### What you need to do
When you reach the line with "Bluetooth Transmitter User" in the listing below, transcribe it and each line after it up to and including the line with "Olive Peplum Top With Laces", exactly and with nothing else.

### Recorded data
########################################
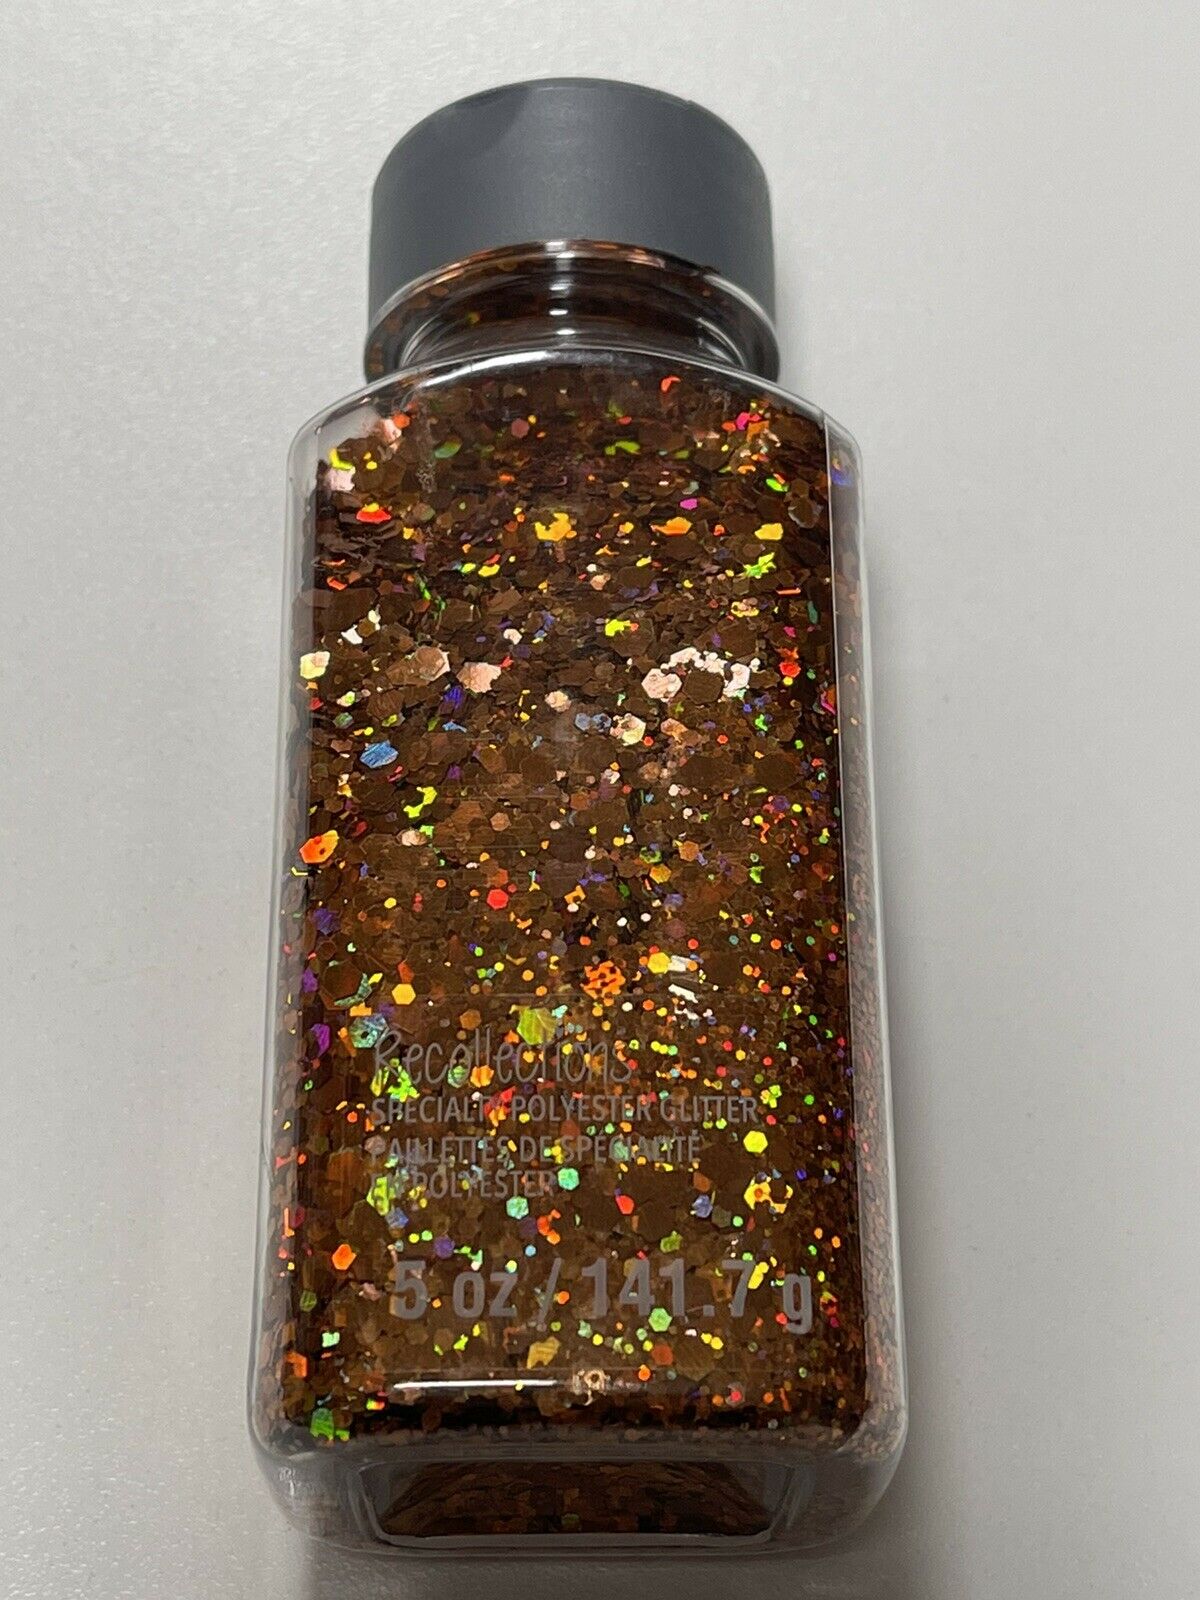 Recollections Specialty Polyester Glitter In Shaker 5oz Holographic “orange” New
########################################
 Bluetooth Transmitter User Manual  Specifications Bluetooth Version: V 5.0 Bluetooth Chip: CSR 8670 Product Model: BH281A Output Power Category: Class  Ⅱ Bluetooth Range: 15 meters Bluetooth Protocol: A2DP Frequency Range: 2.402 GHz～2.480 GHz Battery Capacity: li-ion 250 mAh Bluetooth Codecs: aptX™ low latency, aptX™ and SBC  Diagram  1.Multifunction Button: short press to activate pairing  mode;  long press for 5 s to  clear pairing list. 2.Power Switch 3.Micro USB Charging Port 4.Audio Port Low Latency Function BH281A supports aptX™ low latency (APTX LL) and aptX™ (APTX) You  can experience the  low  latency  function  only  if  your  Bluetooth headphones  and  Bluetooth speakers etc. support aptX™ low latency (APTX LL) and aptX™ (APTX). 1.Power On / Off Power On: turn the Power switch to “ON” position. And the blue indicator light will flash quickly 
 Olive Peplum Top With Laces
########################################
### Answer for the task
 Bluetooth Transmitter User Manual  Specifications Bluetooth Version: V 5.0 Bluetooth Chip: CSR 8670 Product Model: BH281A Output Power Category: Class  Ⅱ Bluetooth Range: 15 meters Bluetooth Protocol: A2DP Frequency Range: 2.402 GHz～2.480 GHz Battery Capacity: li-ion 250 mAh Bluetooth Codecs: aptX™ low latency, aptX™ and SBC  Diagram  1.Multifunction Button: short press to activate pairing  mode;  long press for 5 s to  clear pairing list. 2.Power Switch 3.Micro USB Charging Port 4.Audio Port Low Latency Function BH281A supports aptX™ low latency (APTX LL) and aptX™ (APTX) You  can experience the  low  latency  function  only  if  your  Bluetooth headphones  and  Bluetooth speakers etc. support aptX™ low latency (APTX LL) and aptX™ (APTX). 1.Power On / Off Power On: turn the Power switch to “ON” position. And the blue indicator light will flash quickly 
 Olive Peplum Top With Laces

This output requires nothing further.